Kane’s numbers – a half century of goals for England and almost 200 in the Premier League – would suggest that he knows what he is doing, that his style of play has tended to work over the years. But still he has to hear those who seek to tell him to do it differently and that noise only grows louder when he endures spells during which the goals won’t come.
There will always be those who seek to tell the 29-year-old how to play. They tell him he spends too much time in the wrong areas of the field, coming deep in search of the ball instead of occupying the traditional number nine’s territory on the edge of the opposition penalty area.
Kane’s performance against Senegal should silence the seemingly endless and dreary debate about how he should play and, occasionally, whether he should actually be in the team at all
All centre forwards have periods when they don’t score goals. Kane has fewer than most. But when he does have one the tolerance level of some England followers tends to be pretty low.
It was the same in the European Championships in 2021. Kane was not prolific in the early stages of that tournament either and did not score a goal until he converted England’s second in the last-16 game against Germany. So there were some neat comparisons here.
In the Euros he then went on to score in his next two games. It would be no surprise if he does the same here in Qatar even if next weekend’s meeting with France back at this stadium will present England with a standard of opponent they have not met so far during this tournament.
Kane had failed to score a goal for England in three group stage games at the 2022 World Cup
Early on in this game, it was not easy for Kane. Senegal presented a bank of four defenders with a holding pair stationed in front of them. When England moved forwards in to the Africans’ half, their wide players dropped back in to complete what was essentially an defensive eight.
With Jude Bellingham now detailed to link England’s holding pair of Declan Rice and Jordan Henderson with Kane, the captain seemed reluctant to drop in to the pockets he naturally feels drawn to. When he did he found the Senegal attention to be direct and physical. The whack Kane took from Abdou Diallo in the 14th minute was a fearsome one and should have led to a booking.
England were not good for half an hour. They didn’t move the ball quickly enough and played far too much of their football back and across in front of the two banks of green. Rarely did an England runner get up and beyond Kane to provide an option.

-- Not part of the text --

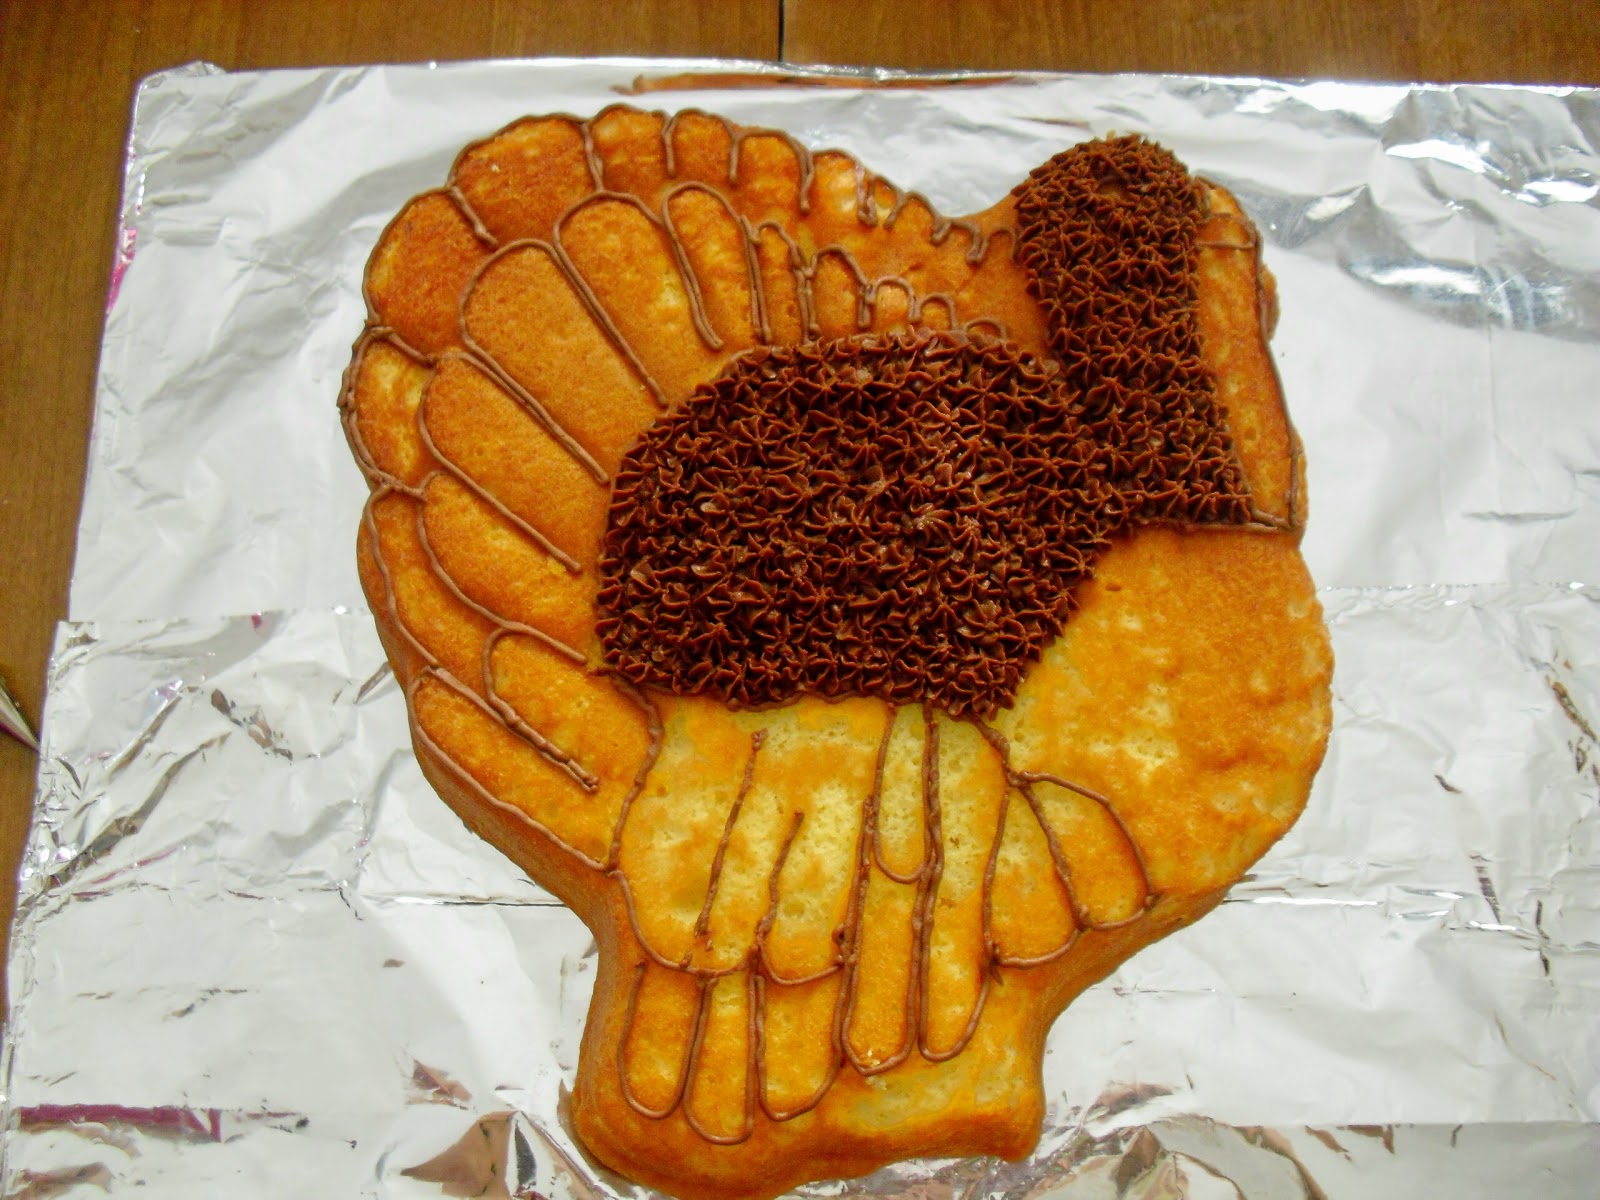 DIY! Wilton's Thanksgiving Turkey Cake! Instructions!

The England captain is now one goal behind Wayne Rooney as England’s all-time record scorer
Kane also won the Golden Boot at the 2018 World Cup, scoring six times for the Three Lions
During this period England struggled to create chances but the two best passes of the night still came from Kane. Both could have benefited Bukayo Saka if the Arsenal player had shown slightly sharper anticipation.
Kane was also involved in the two England goals that sandwiched his own. The first one – the goal from Jordan Henderson that transformed the whole feel and flow of the game in an instant – involved a Kane pass to Bellingham. Then, after half time, he was tackled when in possession down the left, allowing Phil Foden to set up Saka.
This is the worth of Kane. A truly world class scorer of goals, he is also more than that and quite simply should be allowed to be.
It was interesting to note that Gareth Southgate left Kane on for the whole game, even when it had become a procession. Maybe he sensed his skipper still needed to find more confidence. If so, it’s unlikely to be true.